» **THE INPUT**
☆ ☆ ☆

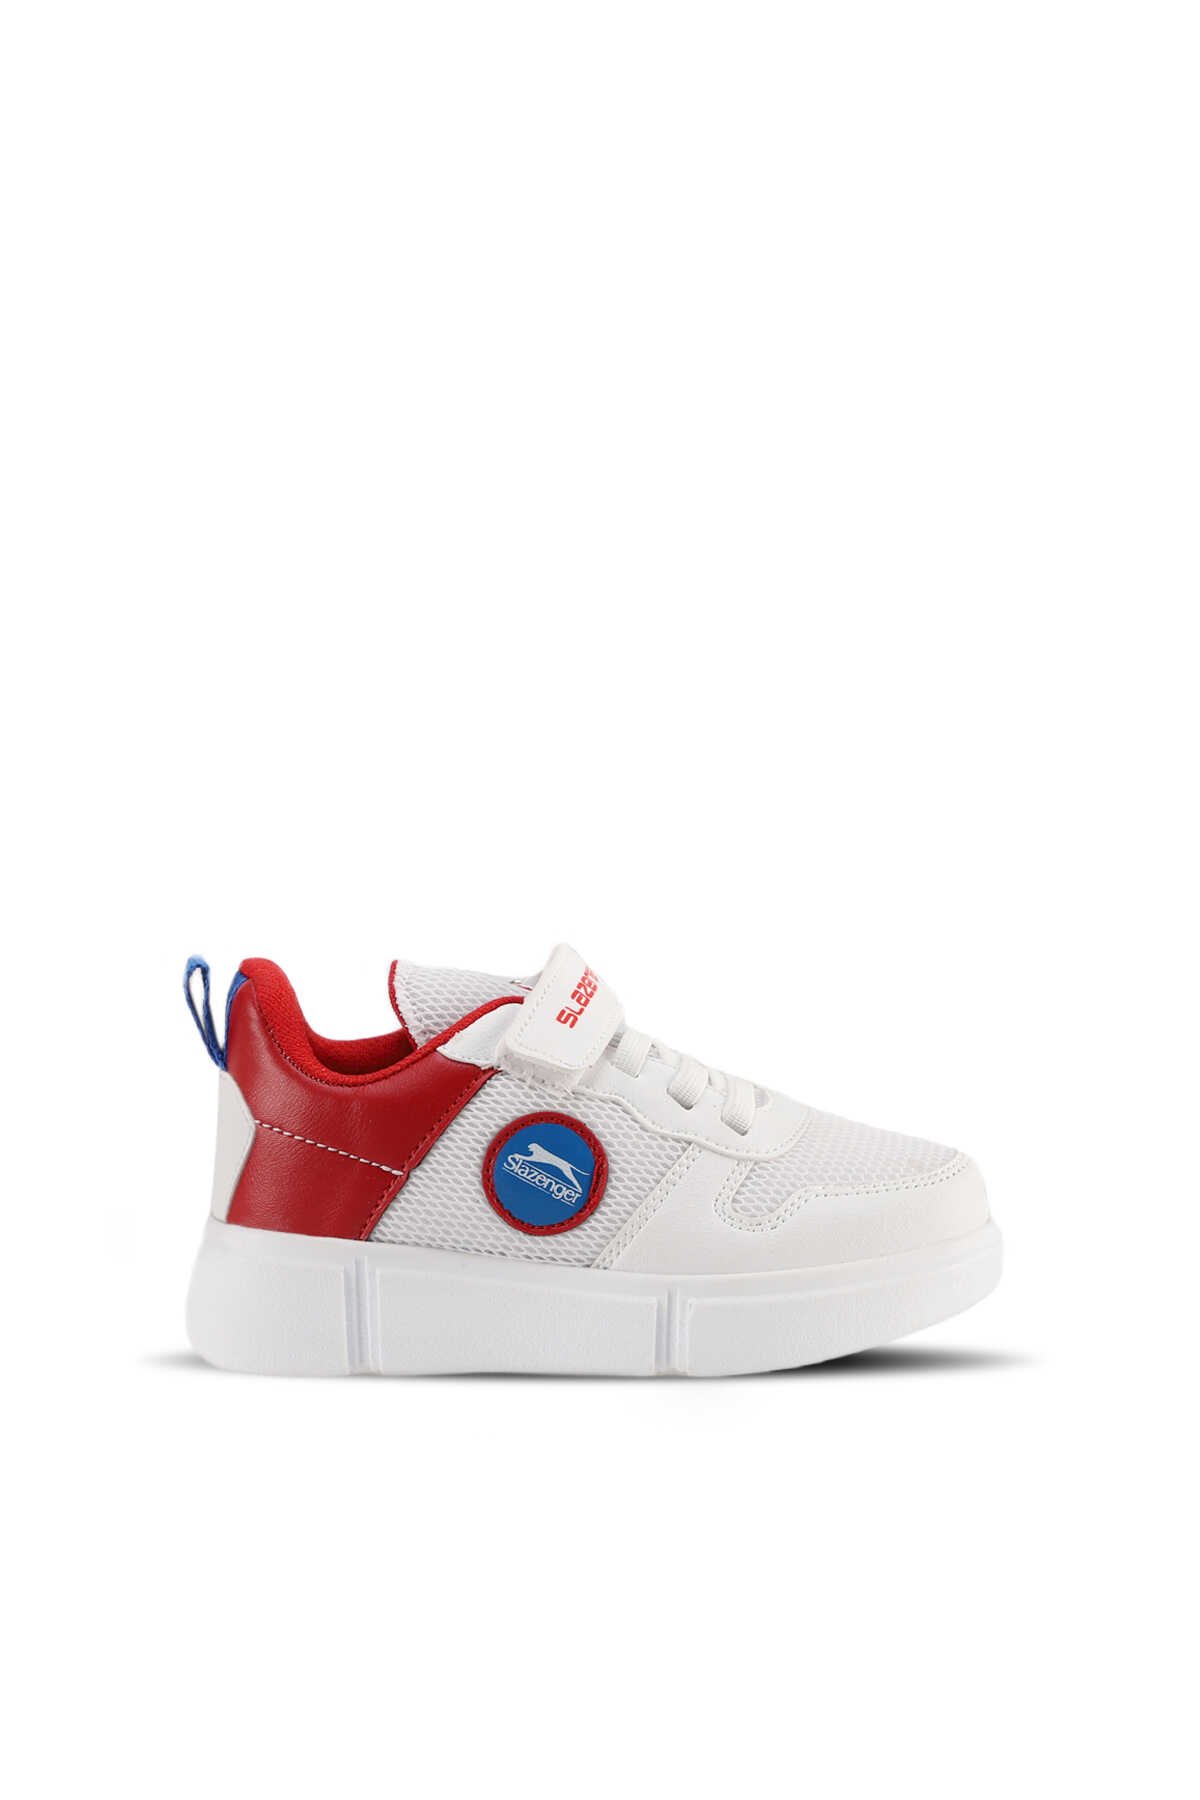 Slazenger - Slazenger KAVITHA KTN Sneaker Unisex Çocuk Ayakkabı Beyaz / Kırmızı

☆ ☆ ☆

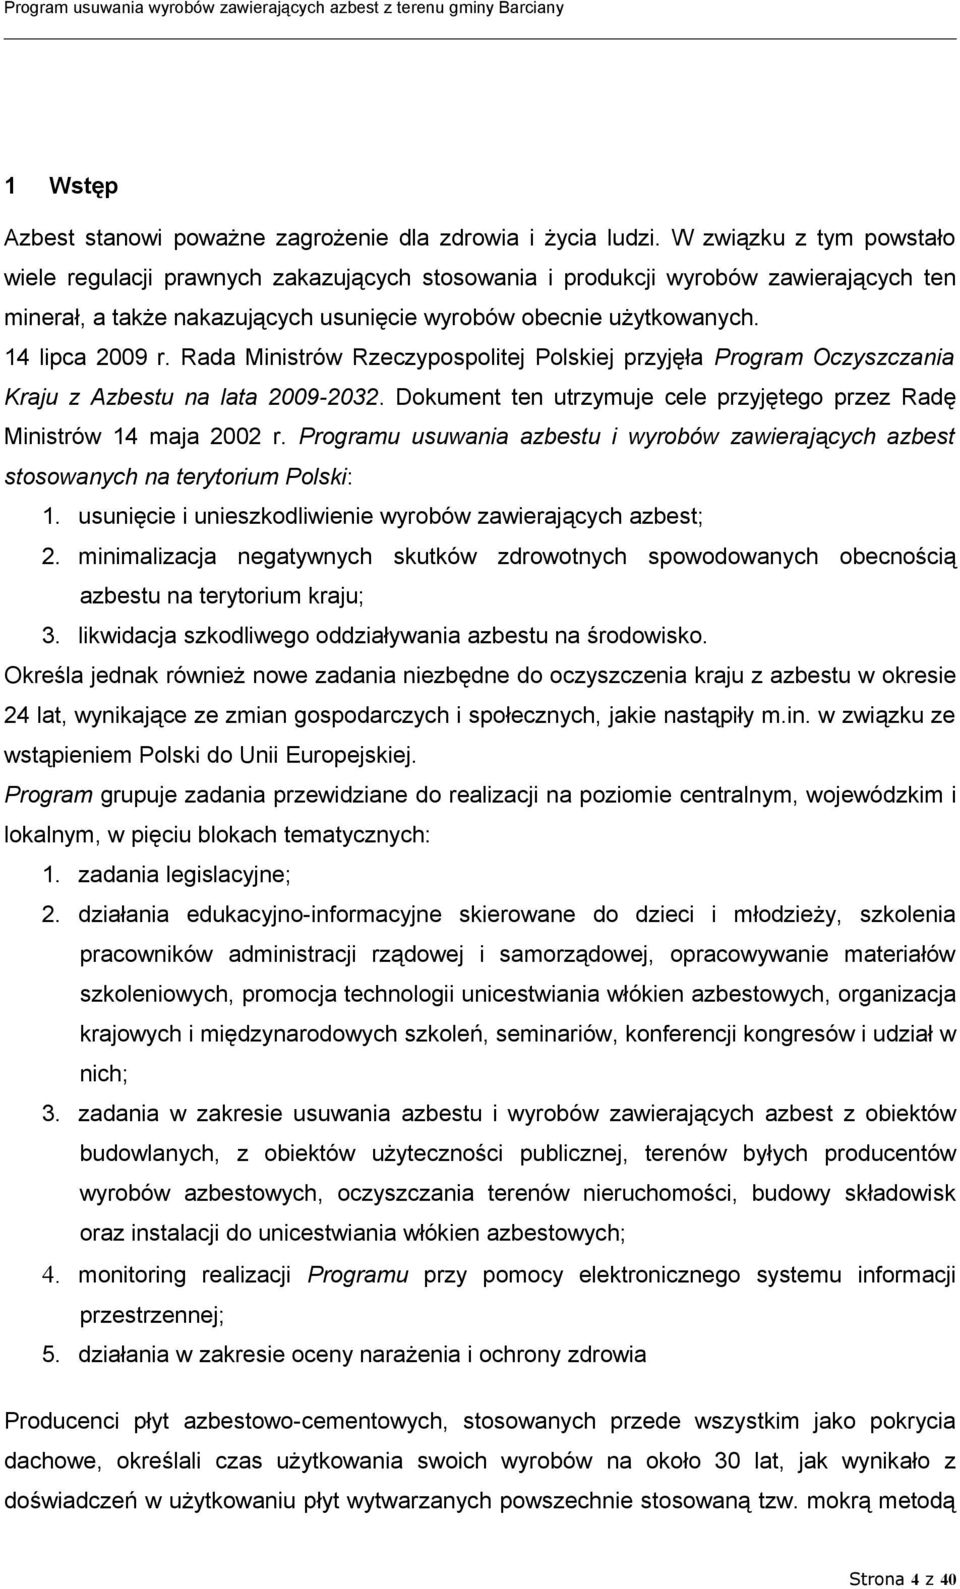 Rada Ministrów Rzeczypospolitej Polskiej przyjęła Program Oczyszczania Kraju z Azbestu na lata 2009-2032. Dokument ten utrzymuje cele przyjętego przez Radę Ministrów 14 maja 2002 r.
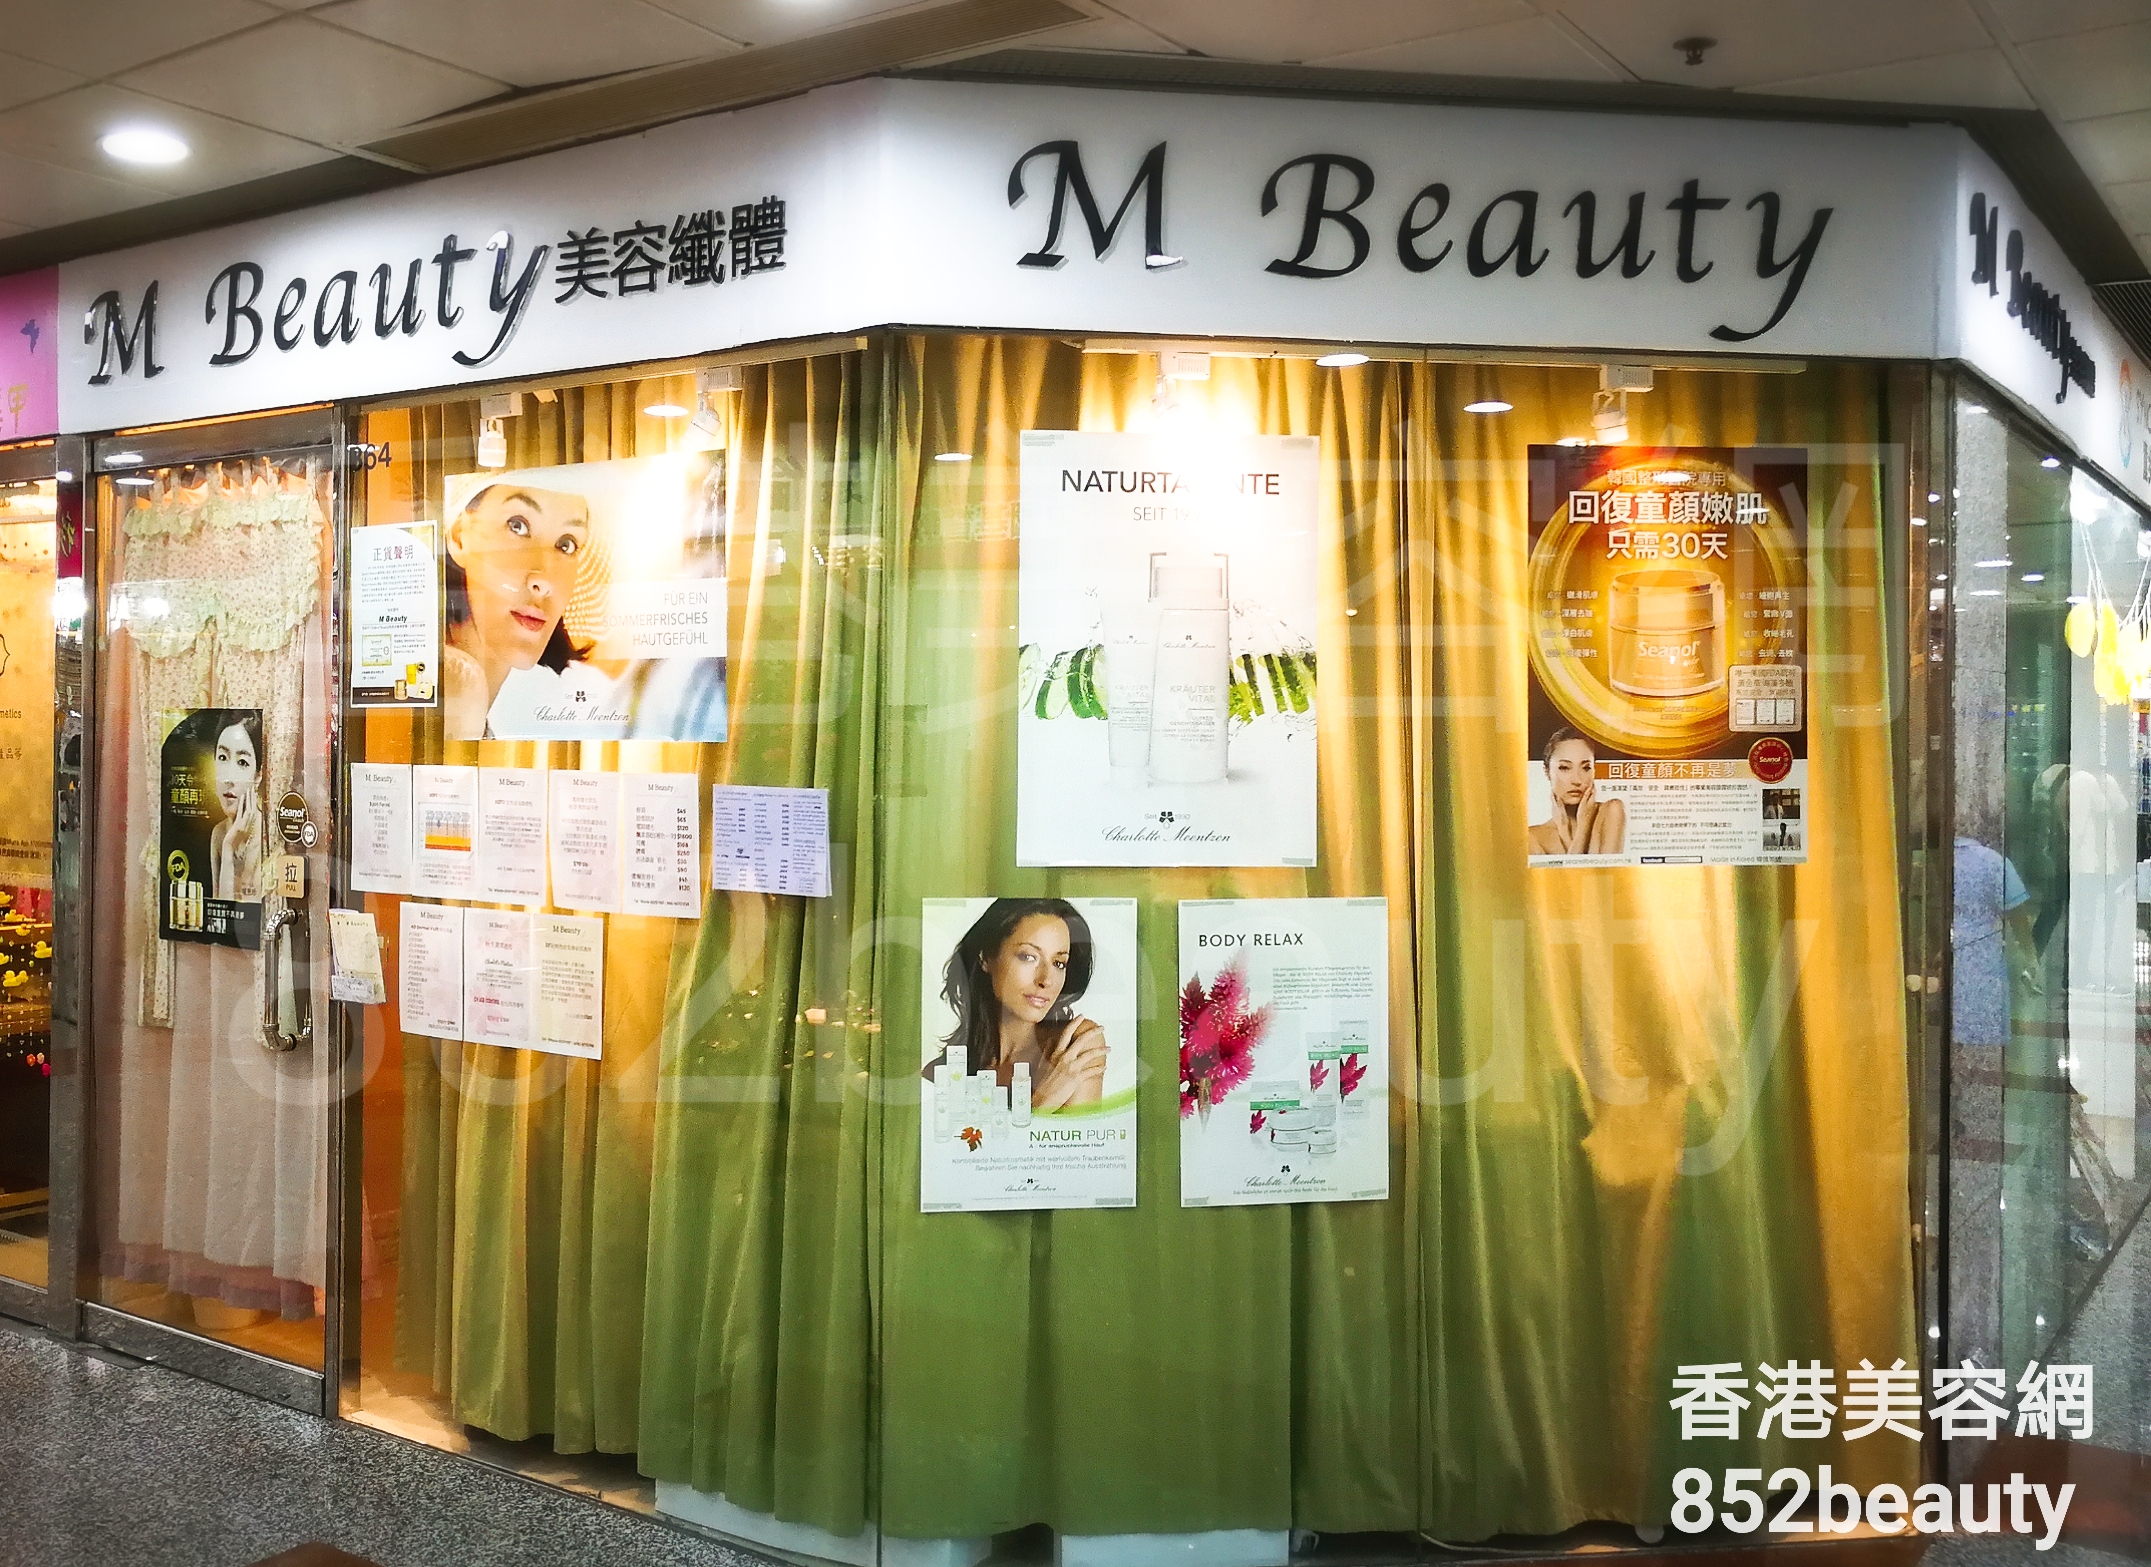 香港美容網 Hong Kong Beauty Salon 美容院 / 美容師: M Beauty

☆ ☆ ☆

» **PROBLEM REQUIREMENTS**
Leaving all pictures out, output exactly the lines of the material above from the line with "Rada Ministrów Rzeczypospolitej" to the line with "香港美容網 Hong Kong", both included.

» **RESULT**
 Rada Ministrów Rzeczypospolitej Polskiej przyjęła Program Oczyszczania Kraju z Azbestu na lata 2009-2032. Dokument ten utrzymuje cele przyjętego przez Radę Ministrów 14 maja 2002 r.
 香港美容網 Hong Kong Beauty Salon 美容院 / 美容師: M Beauty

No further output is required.